Они спускались, и огни играли на белых цветах в блестящих локонах, на длинных белых перчатках, на белых кружевах и шелке платьев, на светящихся, гордых, полных надежды лицах. Как только девушки доходили до подножия лестницы, каждая пара шествовала к тому месту, где стояла патронесса, приседала в глубоком придворном реверансе и продолжала путь дальше. Не все они выглядели в самом выгодном для себя свете. Джорджина, пока неуклюже ковыляла до твердой почвы, напоминала Годзиллу в саване. Но у большинства девушек в их одинаковости виделось нечто неземное. Шестьдесят обликов ангелов Монса[22]Как гласит легенда, во время Первой мировой войны в битве при Монсе британских солдат защитили спустившиеся с неба ангелы., спустившихся облегчить скорбь тех, кто собрался внизу.

Не исключено, что к этим выводам я пришел уже сейчас, оглядываясь на все прошедшее, но именно в тот момент я осознал, что событию, свидетелями которого мы стали, жить остается недолго. Всего нескольким поколениям еще суждено принять участие в этом действе и ему подобных. Мечта наших родителей любыми силами сберечь для своих детей частичку старого, довоенного мира была химерой, а я наблюдаю лишь начало конца. Забавно – и вы, возможно, мне даже не поверите, – но это было потрясающее зрелище. Как и все четкие, синхронные процессии, эта завораживала своим видом. Девушки подходили и подходили, пара за парой скользя по лестнице, опускались в низком реверансе и двигались дальше. И все происходило перед гигантским тортом. Может быть, в рассказе это звучит нелепо. Абсурдно. Даже смешно. Но на самом деле вовсе не казалось таковым. Могу лишь добавить, что я там был и все это не вызывало смеха.

Проход завершился. Девушки прошли обряд посвящения, их статус дебютанток этого года утвержден, и пора было начинать танцы. В противоположность своей недавней торжественности оркестр заиграл мелодию, стоявшую в те дни на вершине хит-парада, «Simple Simon Says», одну из тех утомительных песен, которые содержат множество назойливых указаний для слушателя: «Вместе руки поднять, а теперь помахать» – и так далее, но, будучи безнадежно пошлой, она прекрасно разряжала обстановку. Люси уже танцевала с другим мужчиной из нашей группы, и я пригласил Кандиду. Мы вышли на середину зала.

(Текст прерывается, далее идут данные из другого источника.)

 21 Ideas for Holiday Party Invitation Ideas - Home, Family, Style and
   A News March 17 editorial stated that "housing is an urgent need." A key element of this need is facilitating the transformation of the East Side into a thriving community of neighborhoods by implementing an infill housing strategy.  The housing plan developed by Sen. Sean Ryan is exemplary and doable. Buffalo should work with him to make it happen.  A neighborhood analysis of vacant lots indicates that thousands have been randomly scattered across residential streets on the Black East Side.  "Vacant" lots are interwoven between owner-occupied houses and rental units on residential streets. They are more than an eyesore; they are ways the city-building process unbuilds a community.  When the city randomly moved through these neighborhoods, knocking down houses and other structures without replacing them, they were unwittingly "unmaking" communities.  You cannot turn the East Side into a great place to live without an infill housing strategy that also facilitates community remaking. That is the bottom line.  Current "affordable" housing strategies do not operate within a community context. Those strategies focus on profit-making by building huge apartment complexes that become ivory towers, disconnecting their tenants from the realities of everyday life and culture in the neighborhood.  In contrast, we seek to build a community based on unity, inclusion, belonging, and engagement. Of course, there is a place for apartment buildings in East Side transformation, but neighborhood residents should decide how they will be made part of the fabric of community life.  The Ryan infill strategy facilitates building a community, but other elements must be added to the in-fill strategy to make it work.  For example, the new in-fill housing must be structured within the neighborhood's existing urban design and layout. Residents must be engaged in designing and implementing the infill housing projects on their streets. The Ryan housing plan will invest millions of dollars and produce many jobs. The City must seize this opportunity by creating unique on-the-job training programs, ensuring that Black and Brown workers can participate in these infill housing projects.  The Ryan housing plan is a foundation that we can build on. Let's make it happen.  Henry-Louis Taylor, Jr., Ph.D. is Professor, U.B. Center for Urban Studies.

– Что за человек, с которым ты разговаривал перед обедом? – спросила она.

Мне не было нужды следить за направлением ее взгляда.

– Дэмиан Бакстер, – ответил я. – Он остановился у меня в Кембридже.

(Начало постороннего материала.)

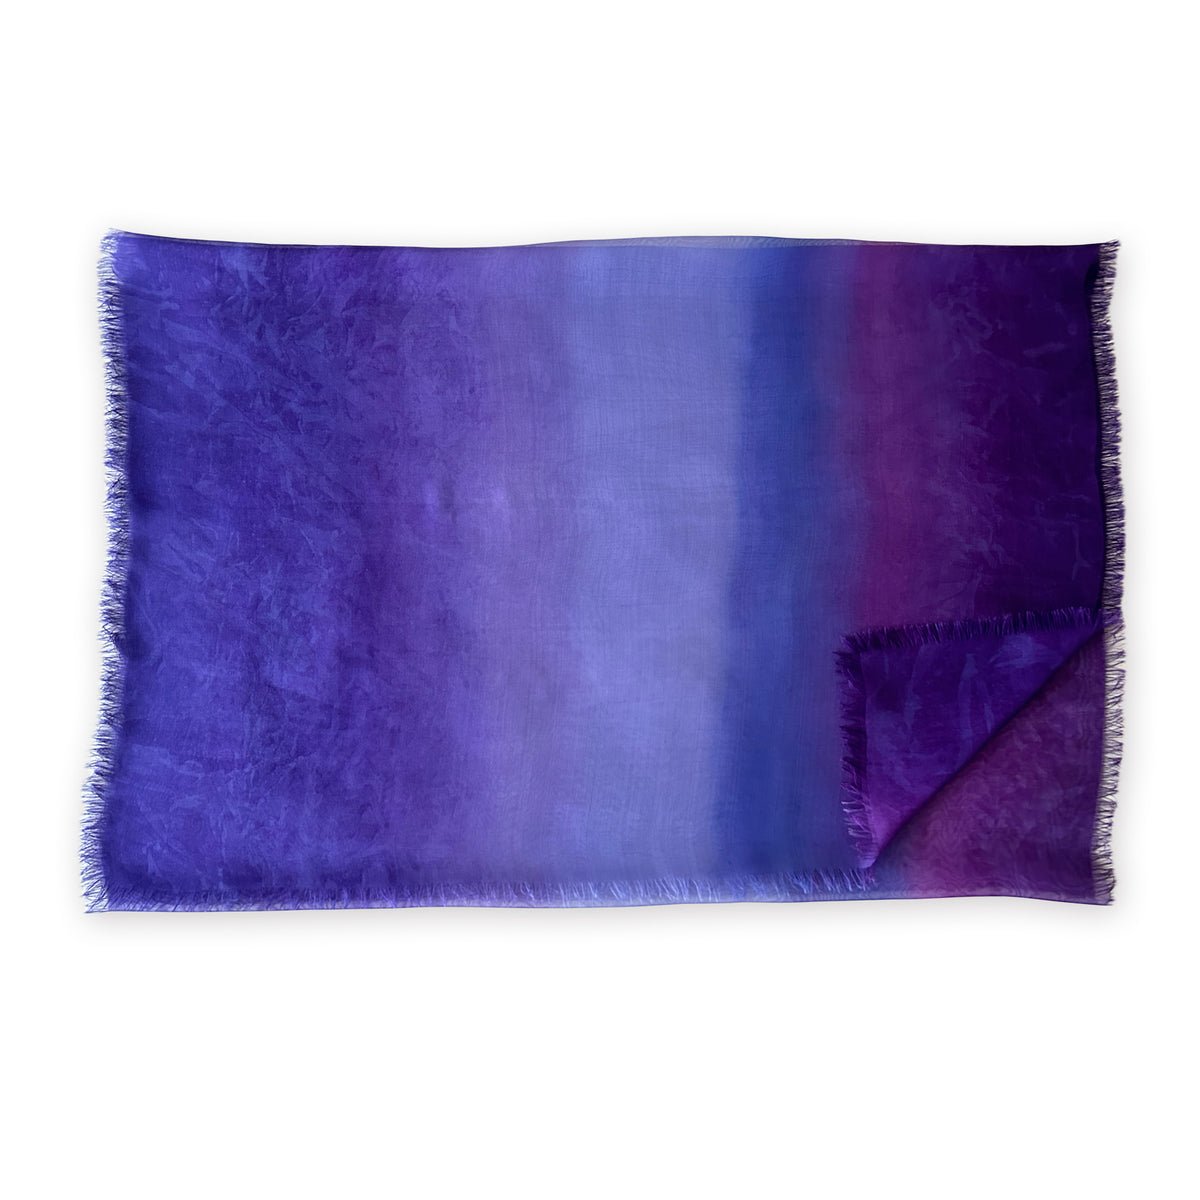 silk-scarf-hand-painted-180x70cm-violet-otta-italy-2342

– Ты должен нас представить.

Тогда-то я впервые столкнулся с самой пугающей частью репертуара Кандиды. Каждый раз, едва она находила кого-то привлекательным, с ее стороны следовал дикий, вроде маорийского приветственного танца, ритуал, который она считала кокетливым. Кандида закатывала глаза, фыркала, раскачивалась вперед-назад, сопровождая это оглушительным хохотом, больше приличествующим пьяному рабочему, а не выходящей в свет молодой девушке. Будем откровенны, достаточно часто это поведение приводило к желаемым целям, поскольку в сути предлагаемого не оставалось никаких сомнений, а выбором в те дни мы не были избалованы. Но вряд ли такая манера помогала установить серьезные связи, и к исходу сезона Кандида заработала репутацию доступной девушки. На меня непосредственно это шоу никогда обращено не было, так как я Кандиду совершенно не интересовал, но даже для наблюдателя из зрительного зала оно выглядело пугающе.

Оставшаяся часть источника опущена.